I called an ICBC broker, answered a few simple questions and about twenty minutes later they showed up with my plates and insurance papers. I had maintained their Goldstar rating, so I got about a forty percent discount off, paying about $90 a month for extended coverage, with increased liability and lower deductibles for collision and comprehensive.

By comparison here in Ontario I wanted to get my 99 Sunfire back on the road after a few months on social assistance, taking the bus, so I started calling insurance companies and filling out their online forms. They all seemed to be in collusion because most of the forms looked the same, including a host of ridiculous and unrelated questions. Several responded with what appeared to be reasonable quotes, all in the area of $90 a month. All asked me to call to confirm the quotations. This started the lengthy process of spending hours on the phone, jumping through hoops, providing my driver’s abstract and history from ICBC, after which the quotes all went through the roof. One quote went from ninety something to $165.00! Two issues caused problems; one was an accident I had back in 2004. I explained the circumstances of the accident, including the fact that I had a witness who would testify that I had actually saved the lives of the people in the car who had stopped dead in the middle of an intersection on a green light, plus the three passengers I had in my car, all of whom would have suffered serious injury had I not managed to stop within an inch of the other car. If I had not had a bike rack on the front of my car I would not have hit the other car at all.

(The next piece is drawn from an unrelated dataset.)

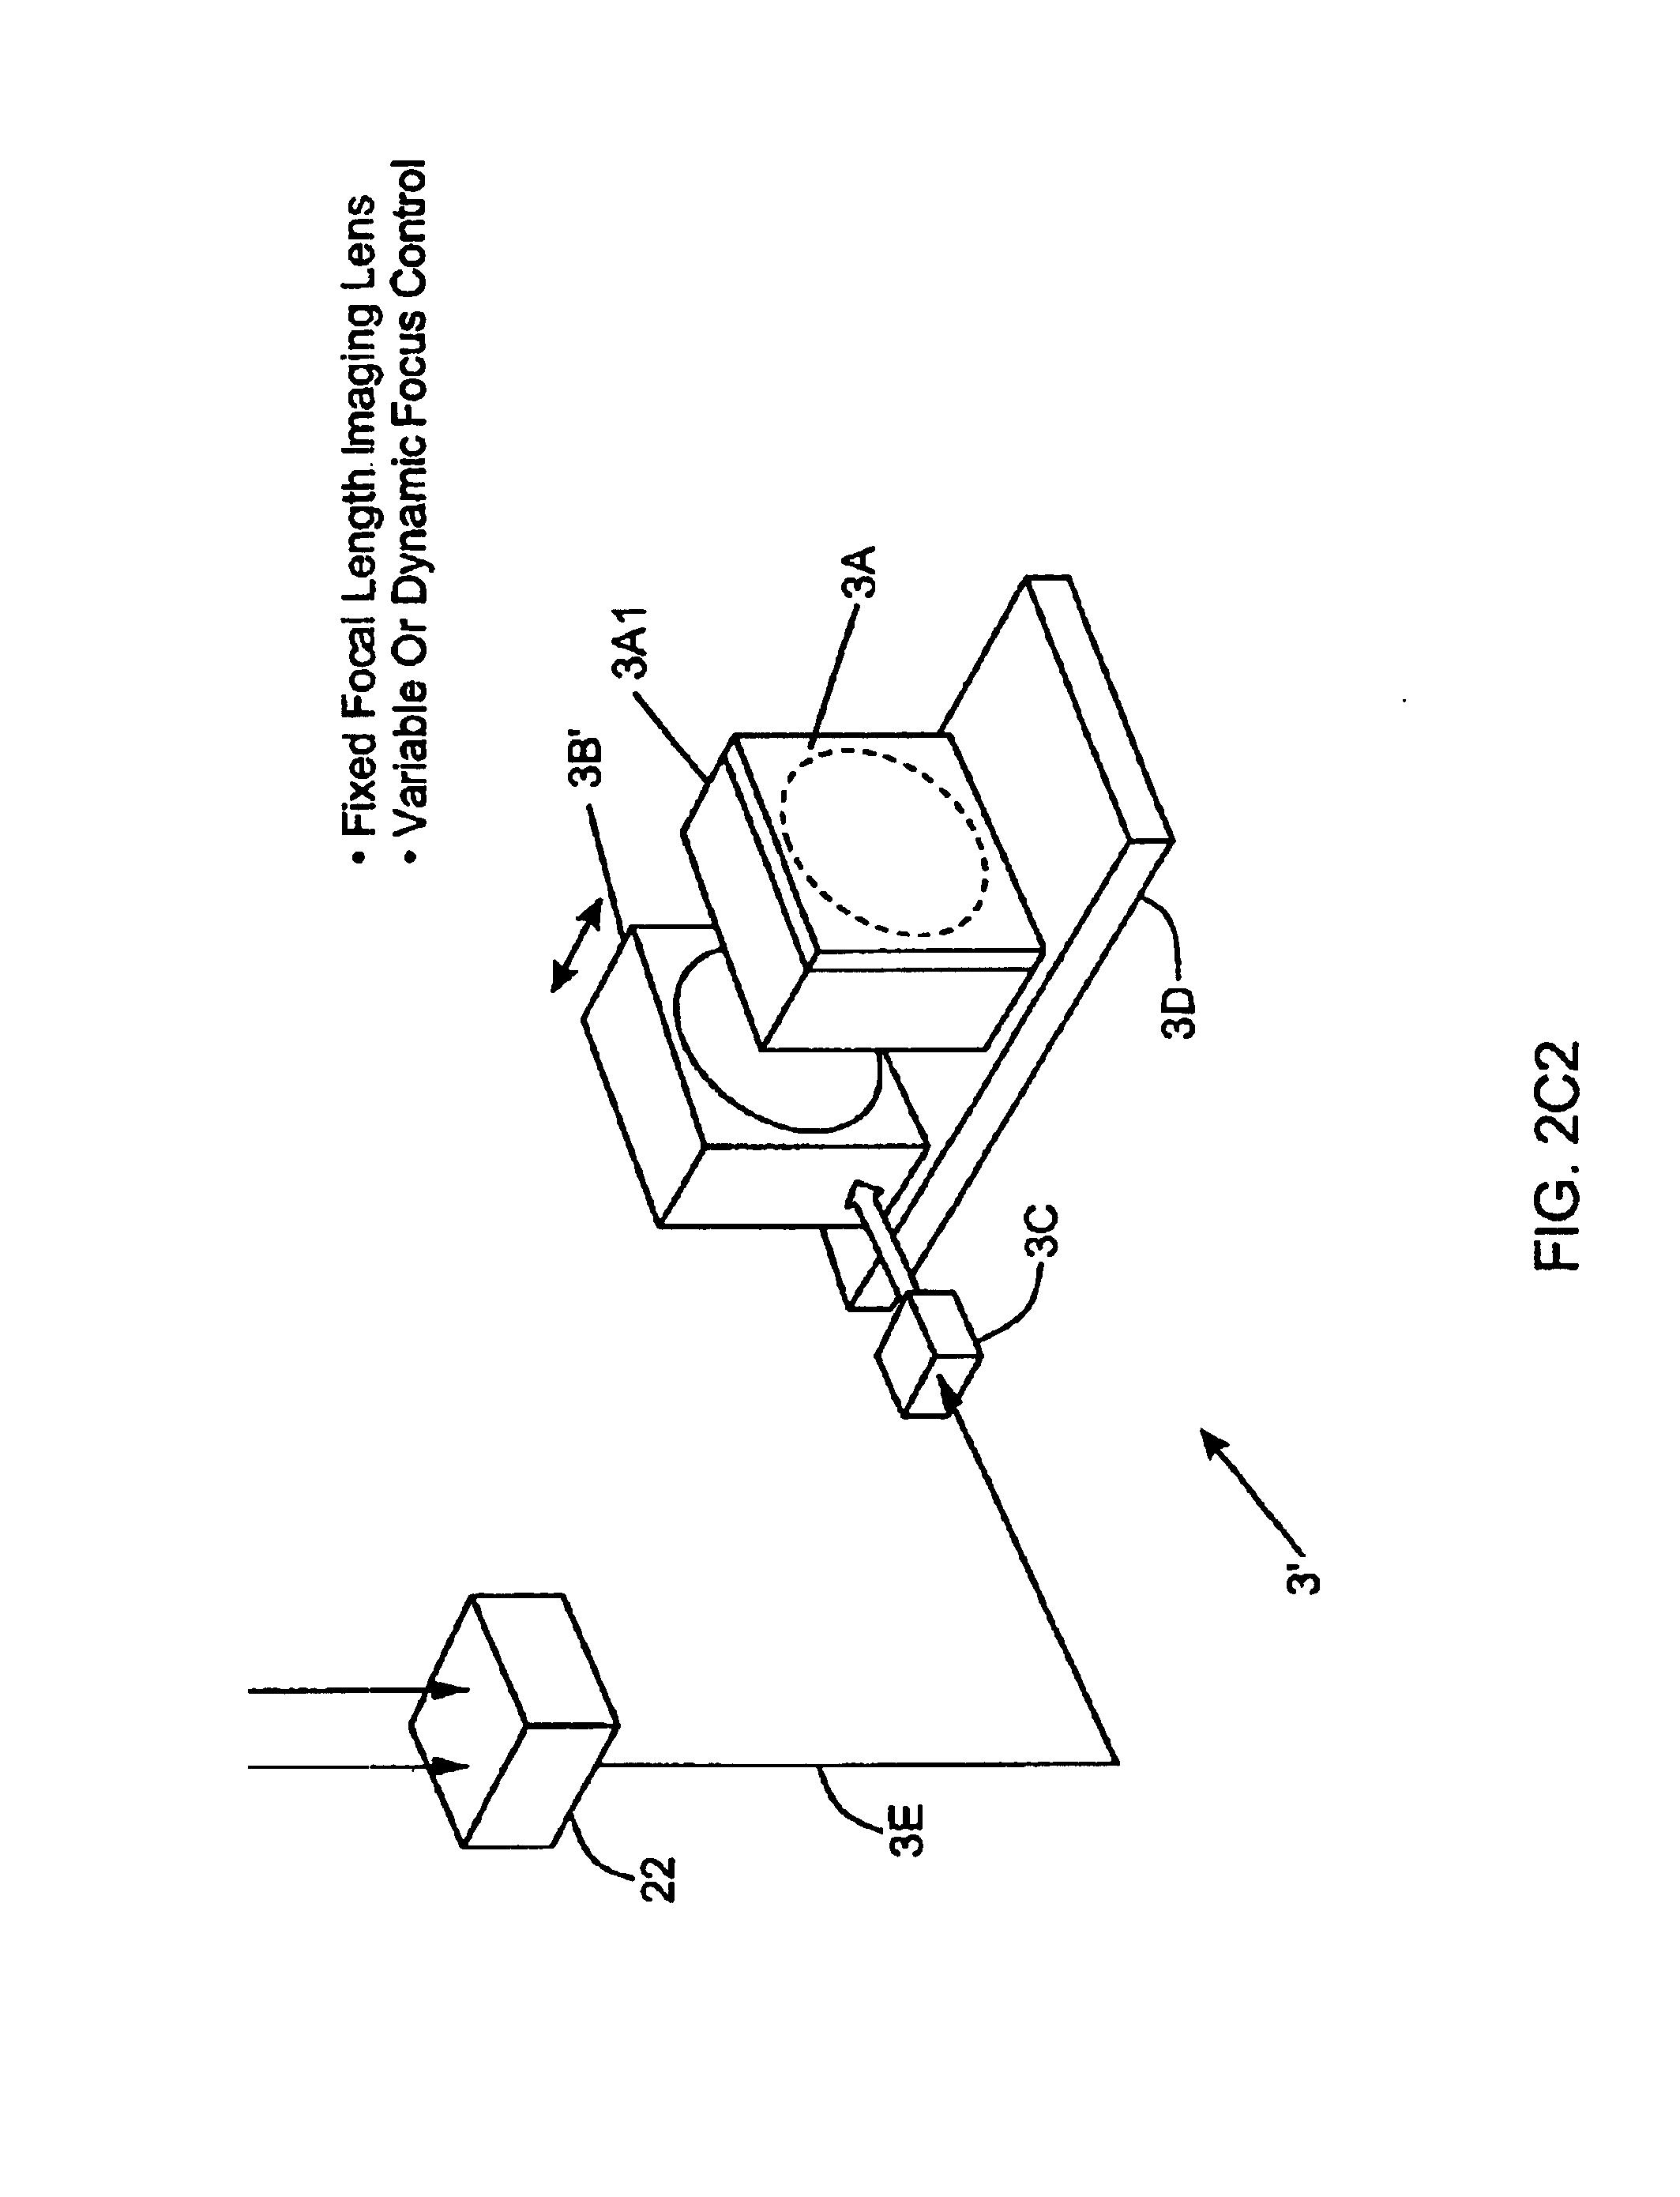 patent us 7 086 594 b2 Alt Wiring Diagram patent images

The second issue was beyond ridiculous. Despite the fact that I had been driving since the age of sixteen, some forty-five years without any at-fault accidents, they were penalizing me for the “gap” in my coverage while I was in Panama. I obviously did not maintain insurance coverage on a vehicle I did not have when I was not in the country, but this went against me. Did they actually expect me to maintain coverage to avoid a “gap”? Seriously?

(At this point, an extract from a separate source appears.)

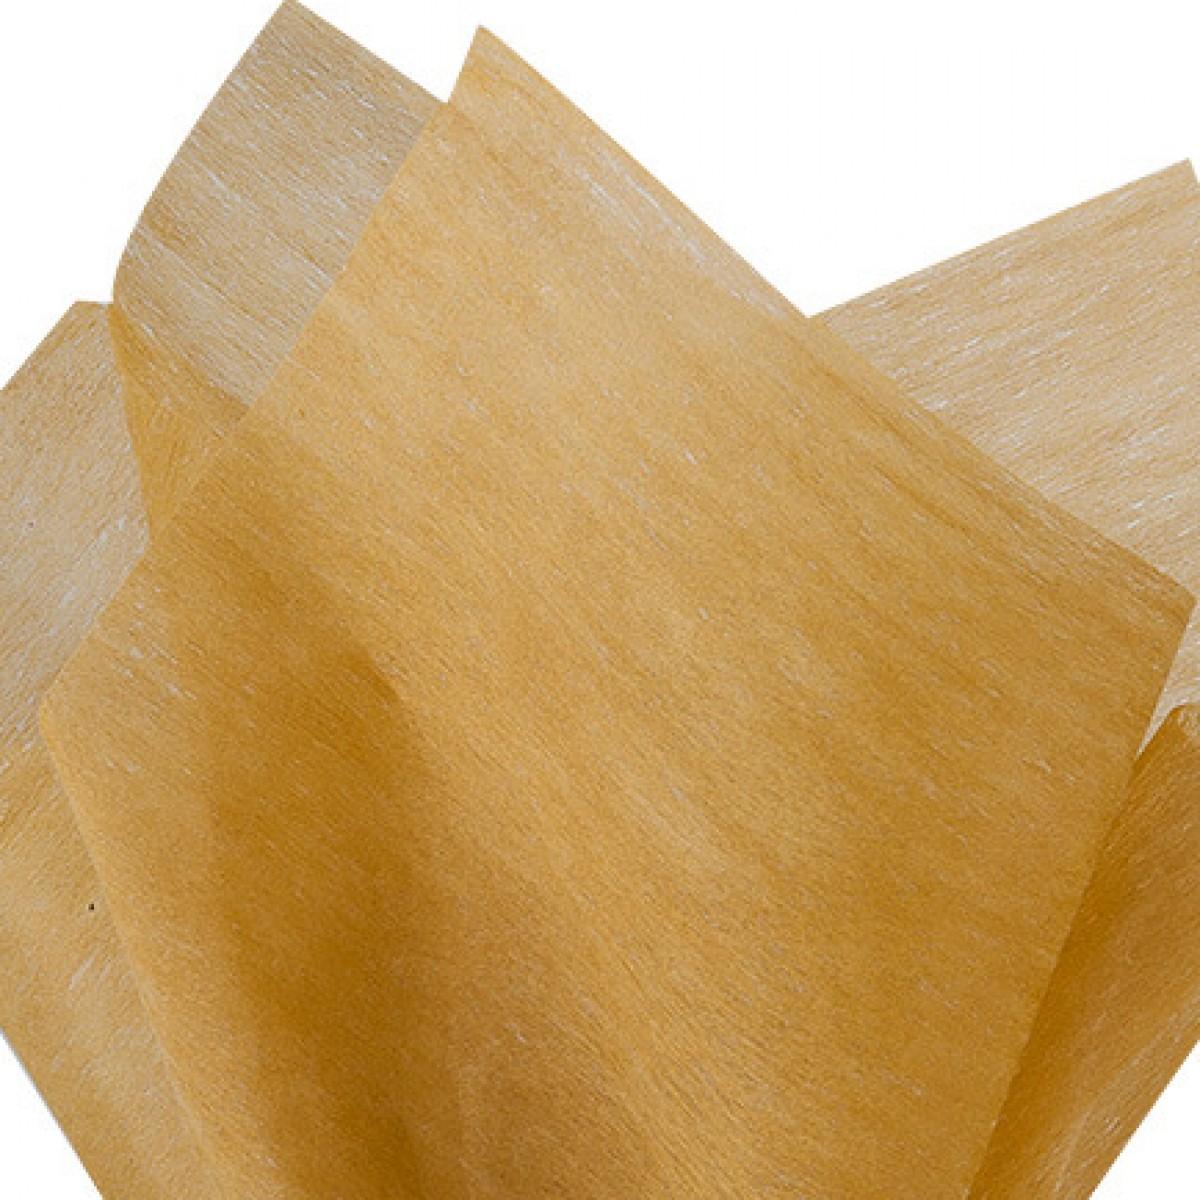 7525 Gold 75cmx60cm Tissue Floral Wraps - 100 Sheets

After hours on the phone I finally found a company who seemed to be a little more reasonable. They understood the “gap” and didn’t hold it against me, plus they listened to the circumstances of the accident and agreed that there were extenuating circumstances, plus it was seven years ago. They quoted me less than a hundred dollars a month, but this was for limited liability and no collision or comprehensive, much less coverage than I had maintained in my life. It would have been a lot more if I had a higher value car or wanted the type of extended coverage I had out West.

After agreeing to go with them I then discover that they want a new safety check, despite the fact that the car had recently had one when I bought it. Fine. Then they want four pictures of the vehicle. Fine. Then they want a “Checkpoint” inspection. My car was at the mechanic’s and I had to renew my licence sticker, which meant I had to have proof of insurance. Then I learn that Ontario requires an emissions test every two years, so I had to pay for that and have the report on file before I could renew my sticker.

My plan was to take the bus downtown to renew my sticker, then go to the dealer to pick-up the car. I asked the insurance company to email me some temporary card to prove I had insurance. They said they couldn’t do that until I had submitted the photos. I explained that I needed to get my sticker and then go to the dealer’s and I would take the photos when I got there and email them to them. No good. They insisted I had to have the photos before I could get proof of insurance, so I had to walk to the dealer’s and take the photos, and leave without my car. I was incensed at such a stupid procedure. Thanks to all the government and insurance regulations, my original estimate of a couple of hundred dollars to get my car back now turned into over seven hundred dollars! Given that I am less than a kilometre from work spending almost a thousand dollars I didn’t have made no sense. I could take a cab every day cheaper.

Compared to getting my insurance in BC, getting insurance in Ontario is a nightmare. Add to this the fraudulent procedure of demanding an advance payment, which no one in the industry can justify, because we are already paying our insurance in advance. I complained to the Insurance Bureau about this process and the response I got, word for word, was “and what would you like me to do about it?”. The industry in Ontario is just begging for government run insurance.

I never fully appreciated ICBC until I tried to get insurance here in Ontario.